幸せを届ける仕事


ぶどうの収穫と出荷が終わった。
今年はシャインマスカットの栽培面積が広がって収穫量が増えたところに、原発汚染水の海洋放出で中国・香港への輸出が途絶したため、シャインマスカットの価格が大幅に下がったと報道された。
確かに農協の買取価格は下がったけれど、大粒・大房のものはそれほど下がった感じはしない。参入したばかりで小さい房のシャインが増え、これらがスーパーで叩き売り状態になっている。一方で房が立派なものは高値が続いていて、価格の幅が広がったように思う。所得格差の広がりがぶどうの価格を二極化させているようにも思える。

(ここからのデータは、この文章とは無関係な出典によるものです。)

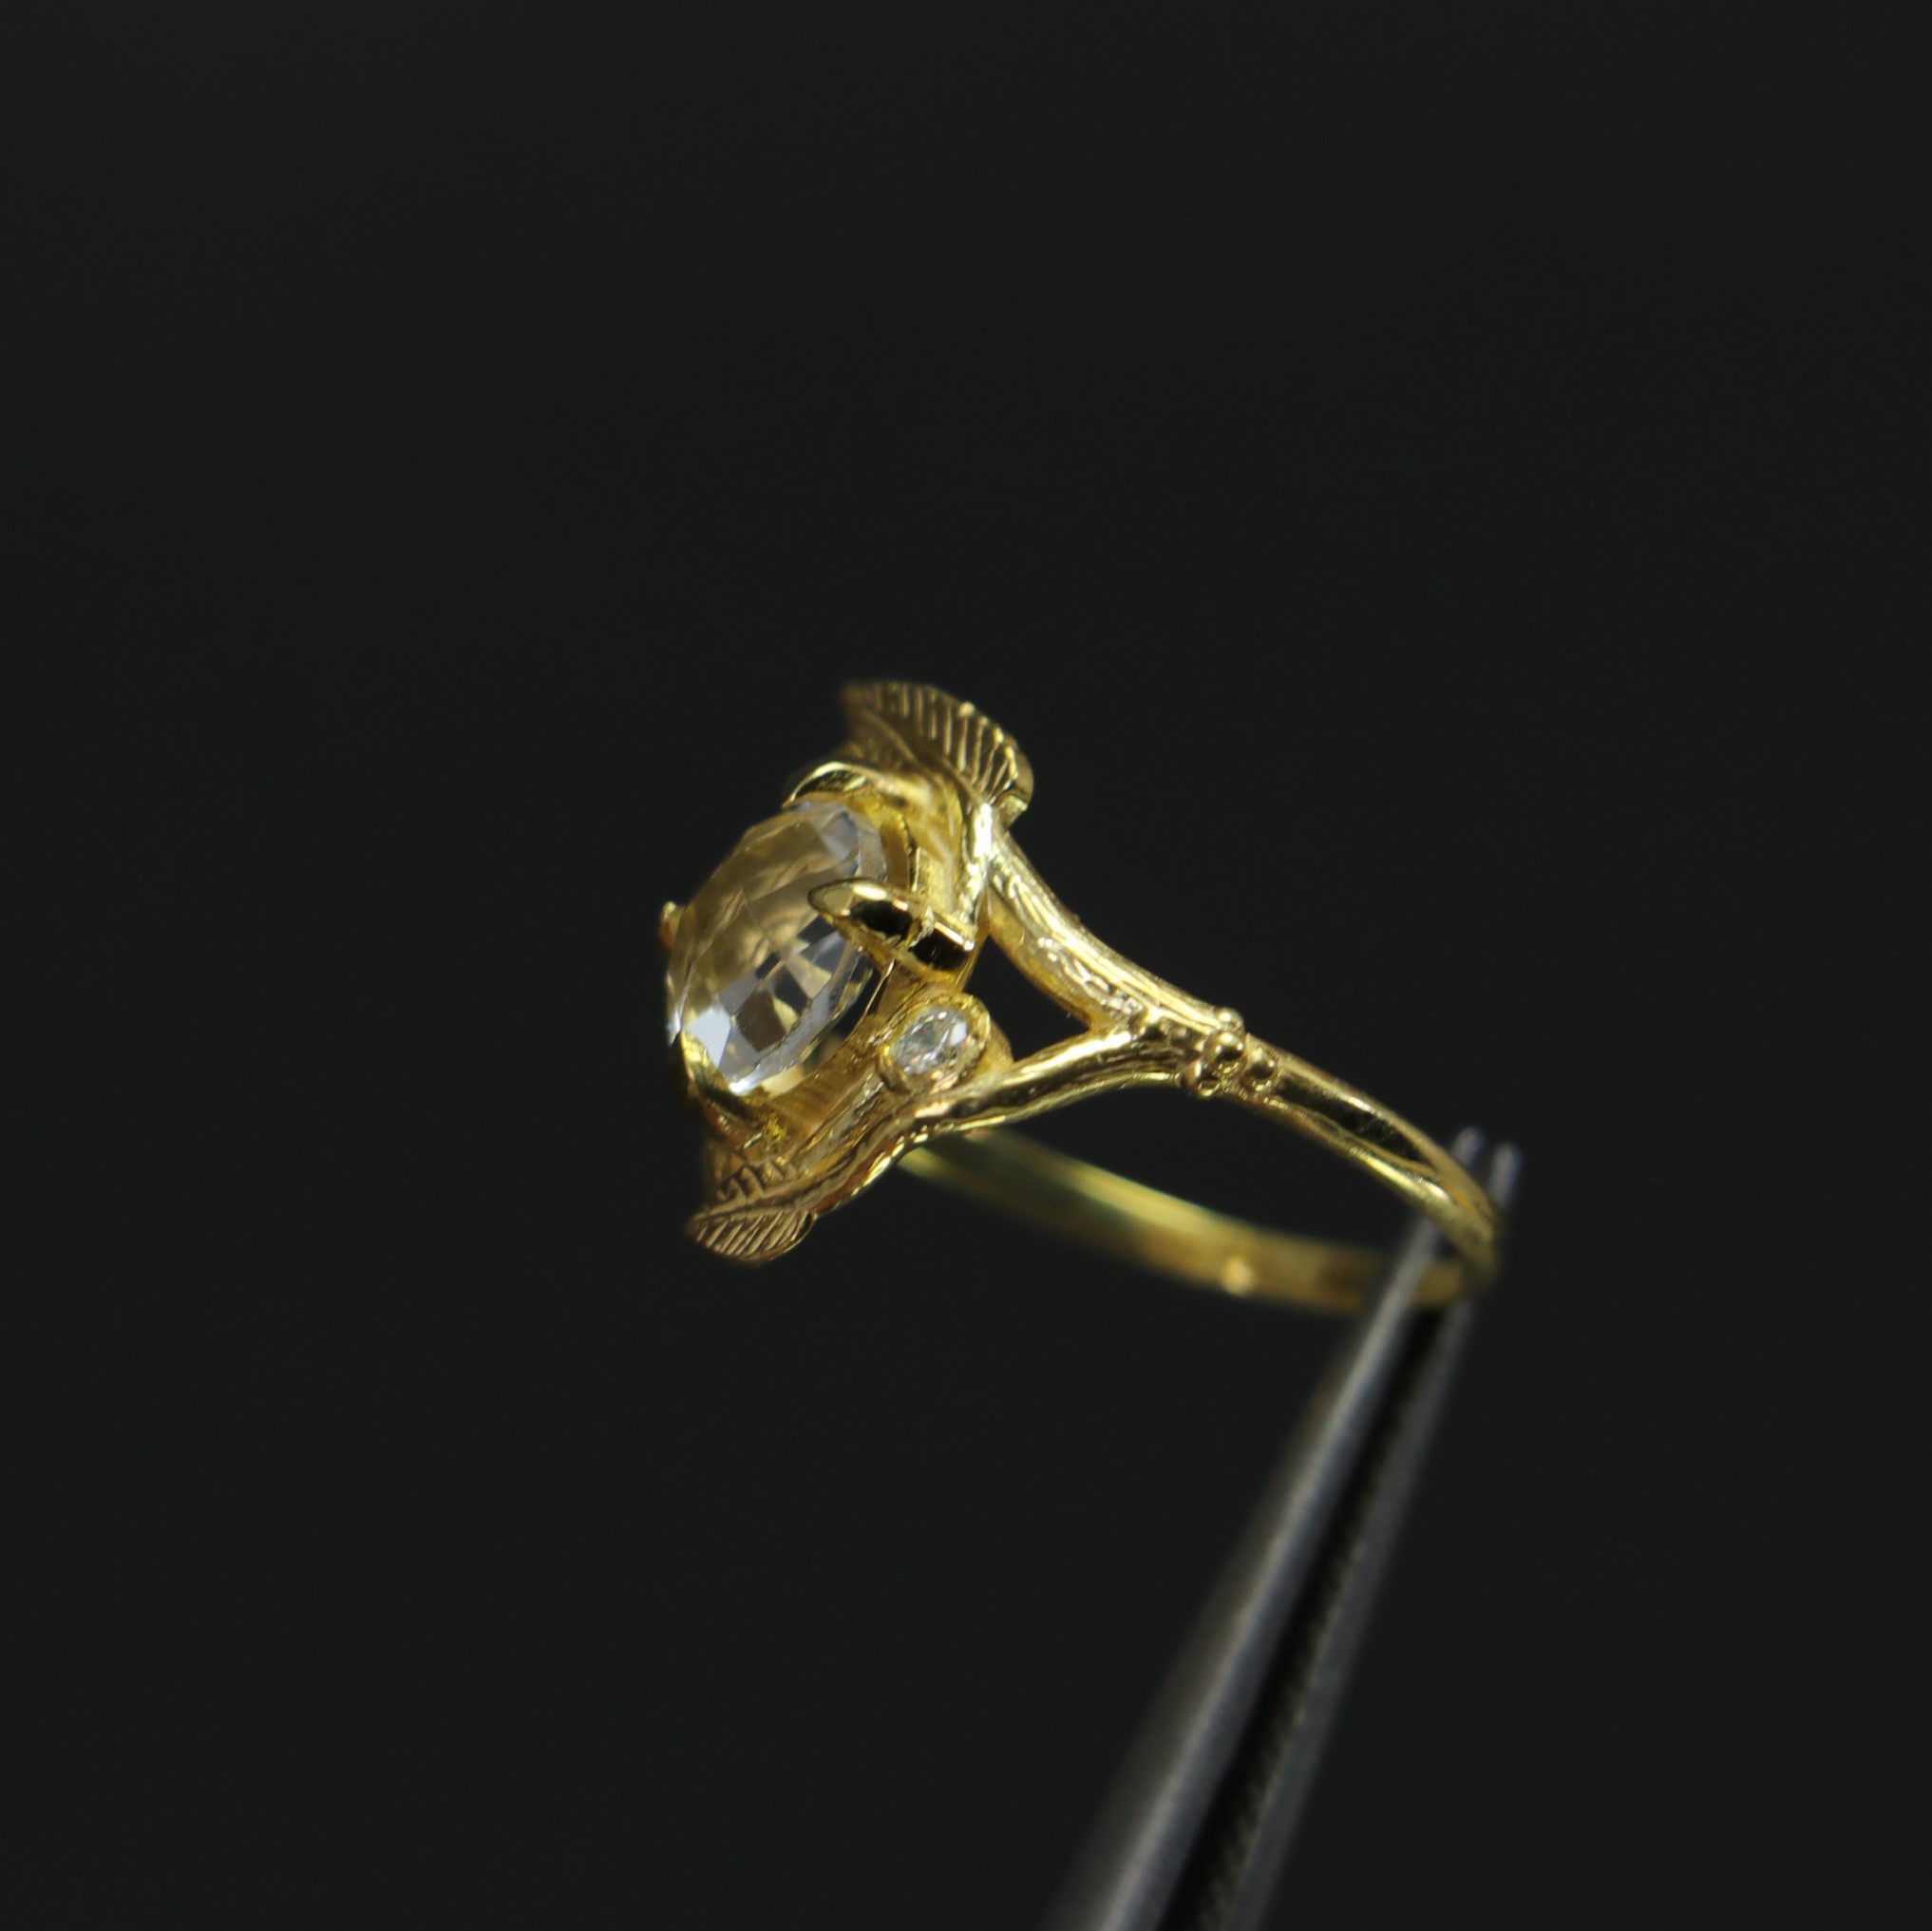 Swarovski Stone Gold Plated 925 Sterling Silver Ring
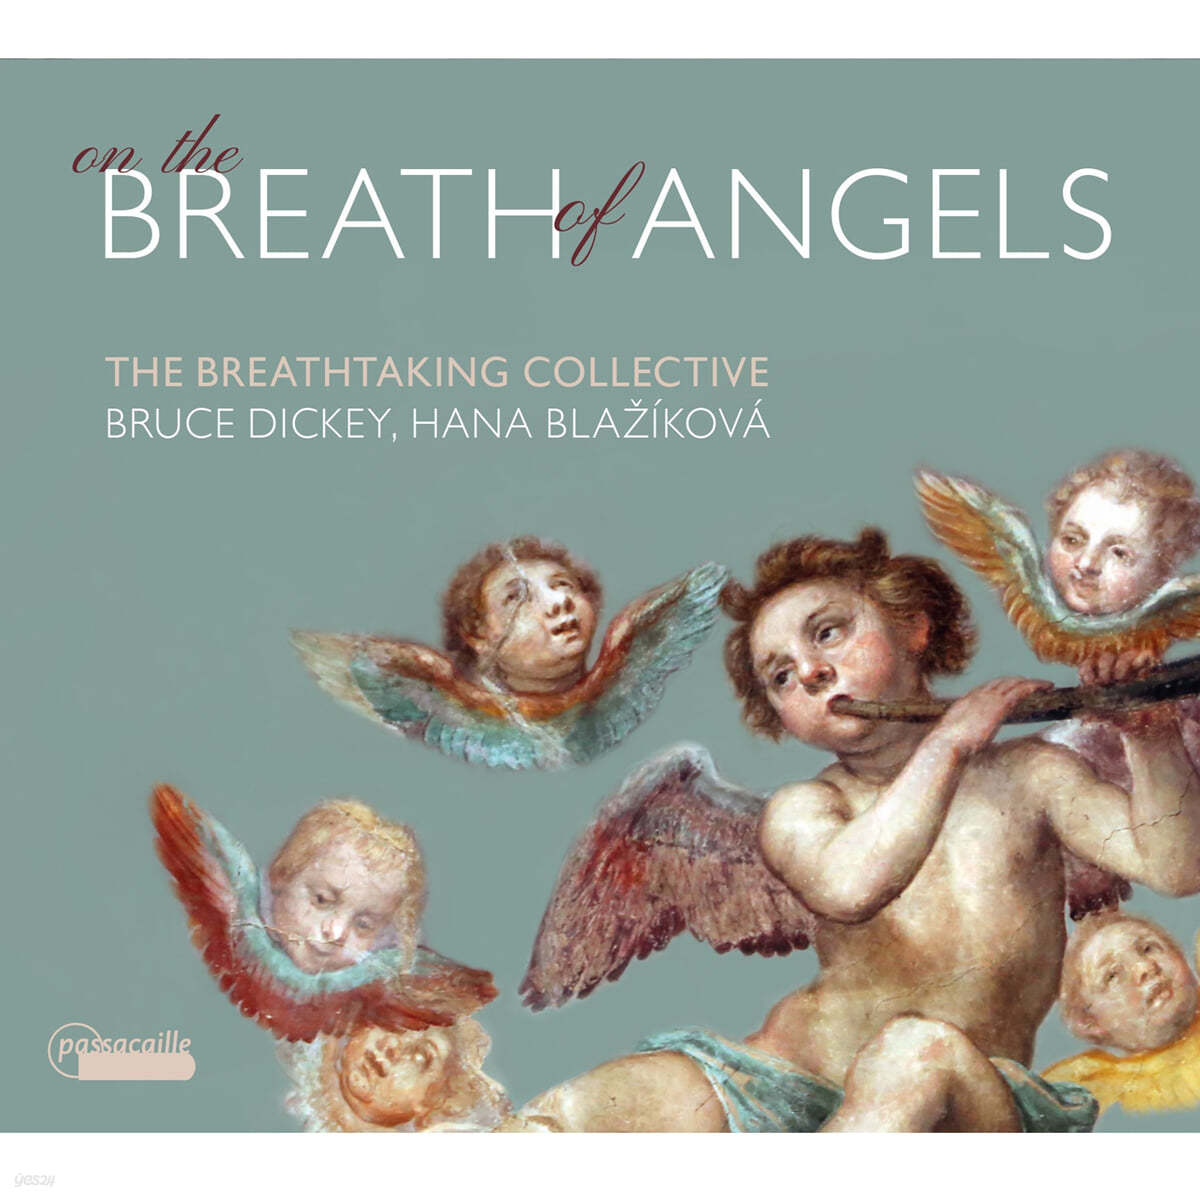 The Breathtaking Collective 카발리 / 딘디아 / 보논치니 / 스카를라티 외 - 천사의 숨결 (Cavalli / d'India / Bononcini / Scarlatti - On the Breath of Angels)

安くなったとはいえ、美味しそうに見える房となると、スーパーでも一房1500円以上したりする。この価格では買うのをためらう人が多いのではないかと思う。
このまま日本の没落が続くとシャインマスカットは金持ちと外国人の果物になってしまうのではないだろうか。

今年初の試みとして、形が悪かったり小さすぎたりする房など、そのままでは売ることができないものをバラして、組み合わせて一つの房のようにして安く売ってみることにした。軸に着いたままなら気分は損なわれない。もちろん味も変わらない。バラの組み合わせは産地ならではの売り方だ。
地元の人が買いに来る農協直売店に置いたところ、これが飛ぶように売れた。端末でリアルタイムで見ていると、あっという間に売れていく。やはり、皆食べたいけれど高くて買えない人がたくさんいるのだ。

果物は人を幸せな気分にする。そんな仕事ができるのが嬉しい。
産地で美味しいぶどうを安く買えないようでは、まるで都会の植民地。品質を高めて高値で売るだけでなく、直接買いに来てくれる人をはじめ、たくさんの人にささやかな幸せを届けたい。
来年もがんばろう、単純にそう思えることに感謝したい。